Purpose of review: Low-grade gliomas present vexing management issues for neuro-oncologists. The relatively long survival compared to other brain tumors makes consideration of treatment toxicity, and thus timing of potentially damaging interventions such as surgery, radiation, and chemotherapy, crucial. Moreover, the rarity of these tumors makes clinical trials to ascertain optimal care challenging.
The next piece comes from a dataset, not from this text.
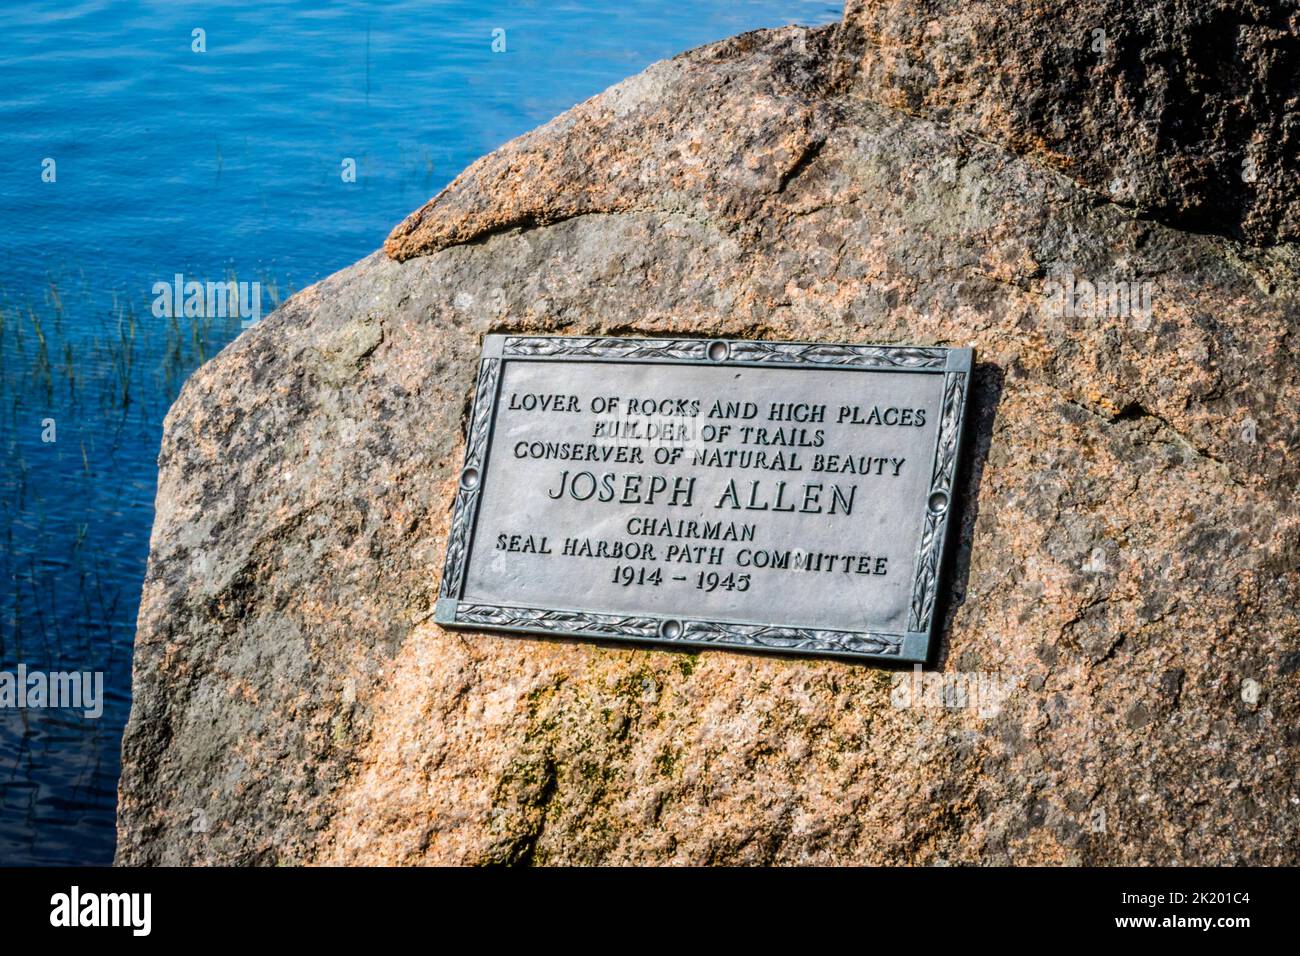 A headstone in Acadia National Park, Maine Stock Photo

Recent findings: The discovery that most low-grade gliomas harbor isocitrate dehydrogenase (IDH) mutations that confer a favorable prognosis has improved diagnosis and risk stratification of these tumors. Although Level 1 evidence is still lacking, increasing data support the concept of maximal safe tumor debulking as a first step in tumor management. Preliminary results from a large randomized trial suggest chemotherapy is of comparable effectiveness to radiation therapy for one molecular subtype of low-grade glioma. Importantly, however, the final results of a phase 3 trial comparing radiation with or without procarbazine, CCNU (lomustine), and vincristine (PCV) chemotherapy indicate a large survival advantage to combined chemotherapy and radiation, raising questions about using chemotherapy alone as an initial treatment strategy.
Summary: While the combination of radiation and PCV provides the best proven overall survival with low-grade gliomas, important questions remain. These include whether the better-tolerated temozolomide is as effective as PCV in conjunction with radiation therapy and whether the use of initial chemotherapy as a strategy to defer the potential delayed cognitive toxicity associated with radiation will yield acceptable survival results with a favorable toxicity profile.